With the aid of the device according to the invention with an IR emitter 1, temperature data that can be precisely assigned locally can be obtained. FIG. 1 shows an IR emitter 1 made up of three glow elements a, bc and a moveable thermal imaging camera as an IR sensor 2. The thermal imaging camera 2 follows a welding torch 4, with which two metal sheets 5, 6 are welded and records the heat distribution in the area of the weld 3 immediately after the welding process.

The recorded IR data are then further processed in a known manner to evaluate the quality of the weld seam 3, e.g. b. using software programs available for this purpose.

With the aid of the reference point(s) provided by the IR emitter 1, the precise position of detected deviations in the measurement area of the weld seam 3 as the test object can be determined.

Since the evaluation can take place in real time, corrective measures can be taken immediately if irregularities occur or, for example, weld seam areas can be marked for a separate inspection.

The invention is equally suitable for the connection welding shown in the example for monitoring other welding processes, such as. B. build-up welding or additive welding.
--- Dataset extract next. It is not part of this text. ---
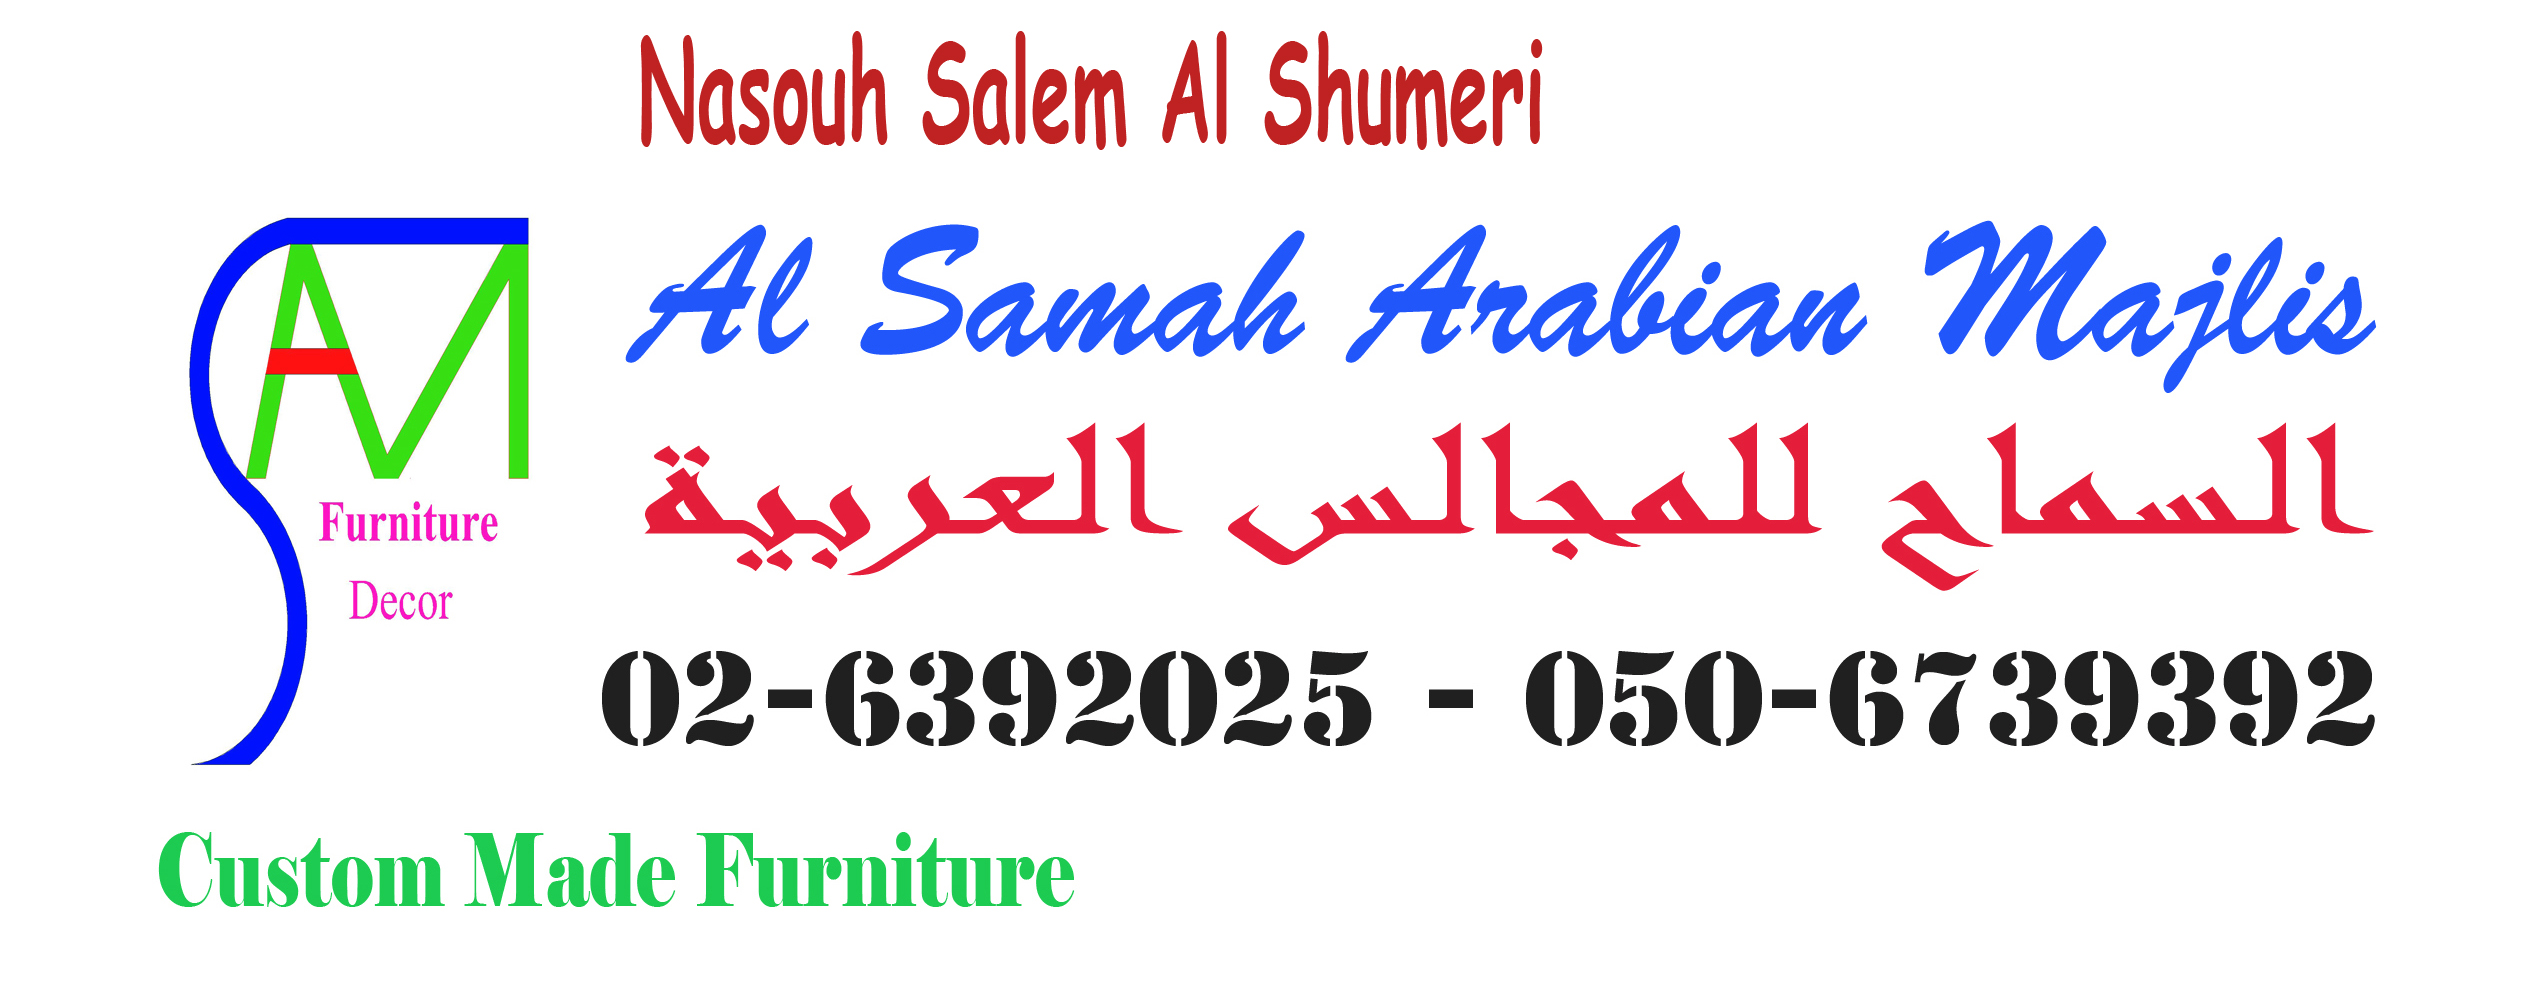 Al Samah Arabian Majlis Est.

The device and method according to the invention are distinguished by their simplicity, since a simple incandescent element such as an incandescent wire is sufficient as a locally fixed IR emitter 1 . reference list

1 IR emitter

2 IR sensor 3 weld seam

4 welding torches

5, 6 components to be connected, e.g. B. Sheets

Claims

7 claims

1. A device for spatially determining the position of an IR measuring system, the device comprising a stationary IR emitter (1) as a reference point and an IR sensor (2), the IR emitter (1) serving as a stationary reference point for determining the position of the measuring points of the IR sensor (2) is used on a test object.

2. Device according to claim 1, wherein the IR sensor (2), a test object or both are designed to be movable.
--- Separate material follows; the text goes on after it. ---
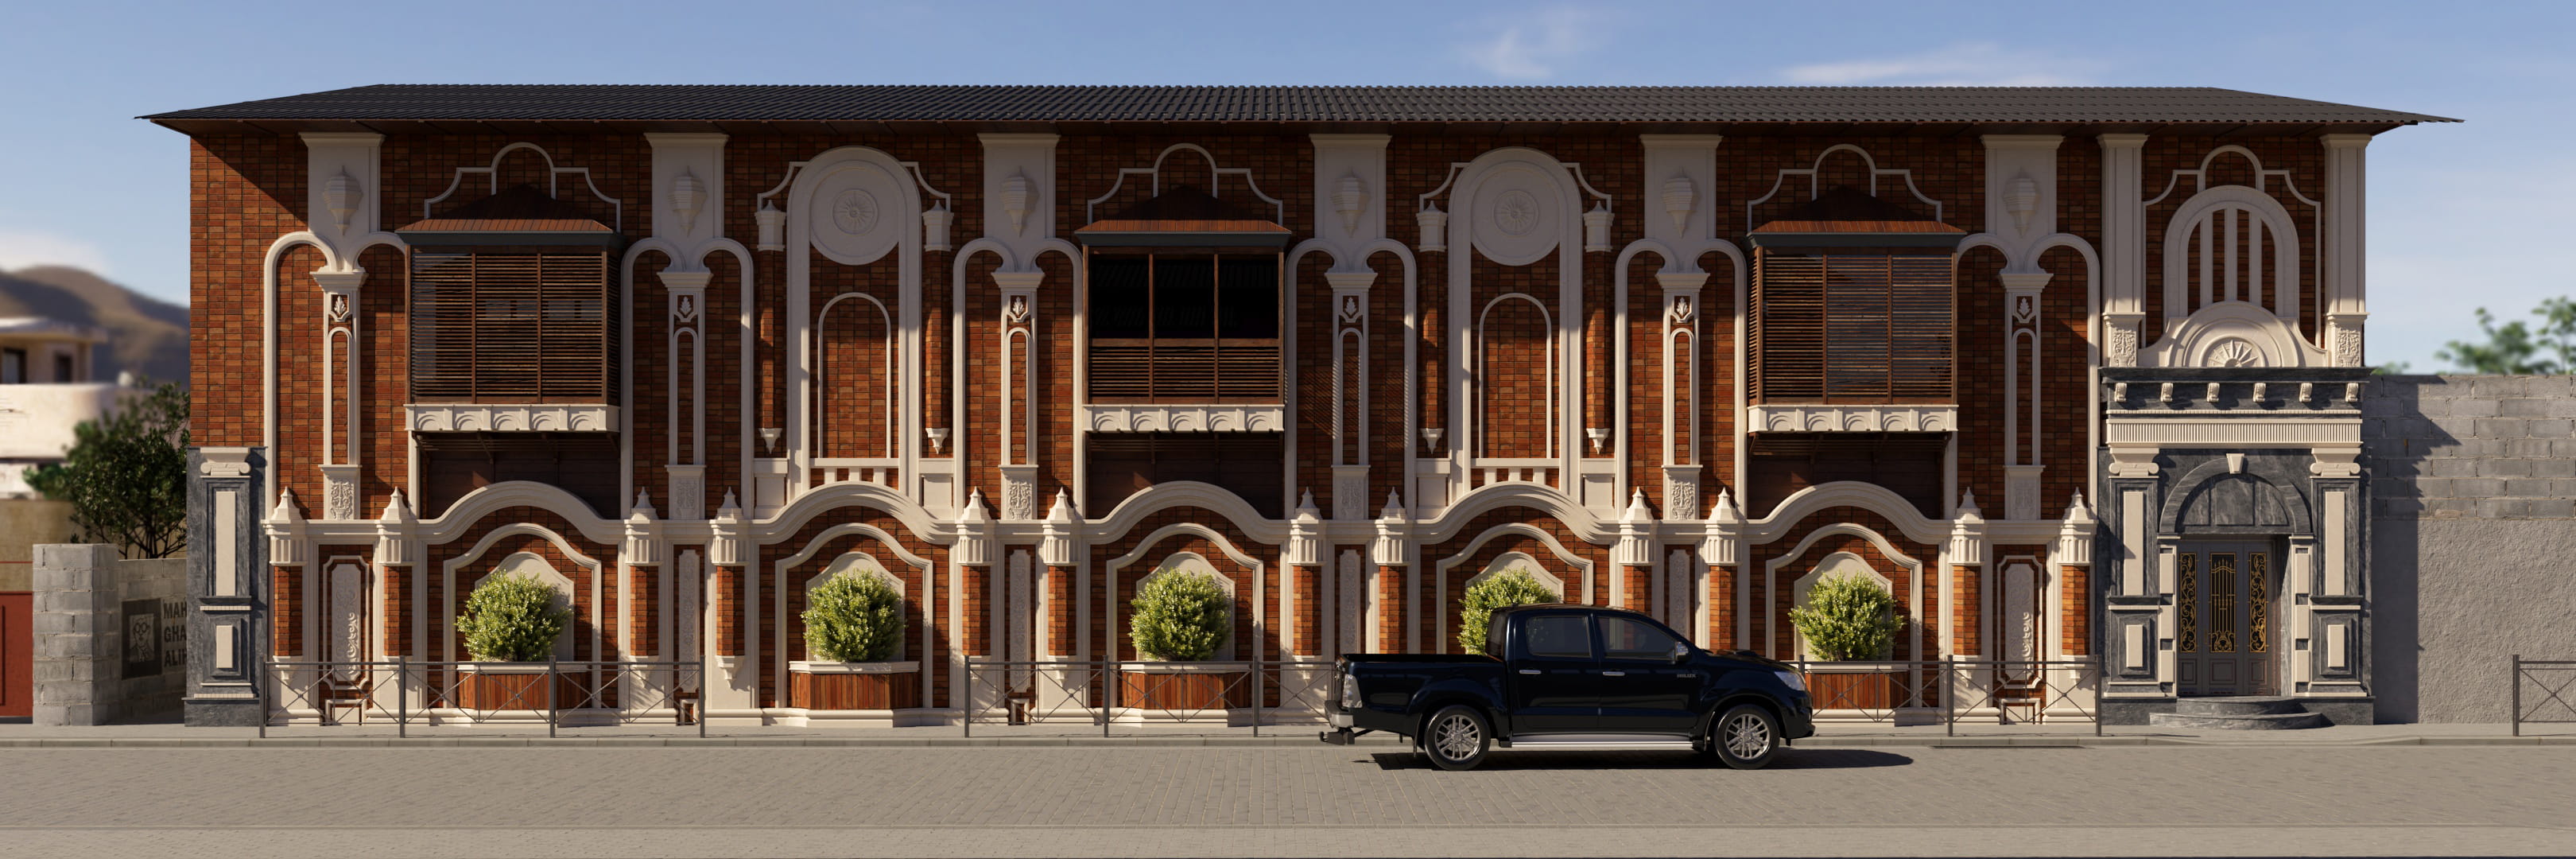 -facade-design-of-solo-building

3. Device according to claim 1 or 2, wherein the IR sensor (2) is a thermal imager, thermal line camera or pyrometer.

4. Device according to one of claims 1 to 3, wherein the IR emitter (1) is a filament, glow plug, incandescent lamp or heating cartridge.

5. Method for determining the current position of a measuring point of an IR sensor (2) on a test object, the measuring point being detected by an IR sensor (2) and the current position of the measuring point using an IR emitter (1) as fixed reference point to the IR sensor is determined.

6. The method according to claim 5, wherein the relative movement between the IR sensor (2) and a test object is measured in order to trace the data back to the IR emitter (1) as a stationary reference point.

7. The method according to claim 5 or 6, wherein a thermal imager, thermal line camera or pyrometer is used as the movable IR sensor (2). 8th

8. The method according to any one of claims 5 to 7, wherein a filament, glow plug, incandescent lamp or heating cartridge is used as the IR emitter (1).

9. The method according to any one of claims 5 to 8, wherein the temperature field of the cooling surface of a weld and possibly adjacent surfaces of components to be connected (5, 6) in the region of a weld seam (3) is detected.

10. Use of the device according to any one of claims 1 to 4 or one

Method according to one of Claims 5 to 9, for determining the current position of a measuring point of an IR sensor (2) on a test object.

11. Use of the device according to claim 10, wherein the test object is a weld seam (3).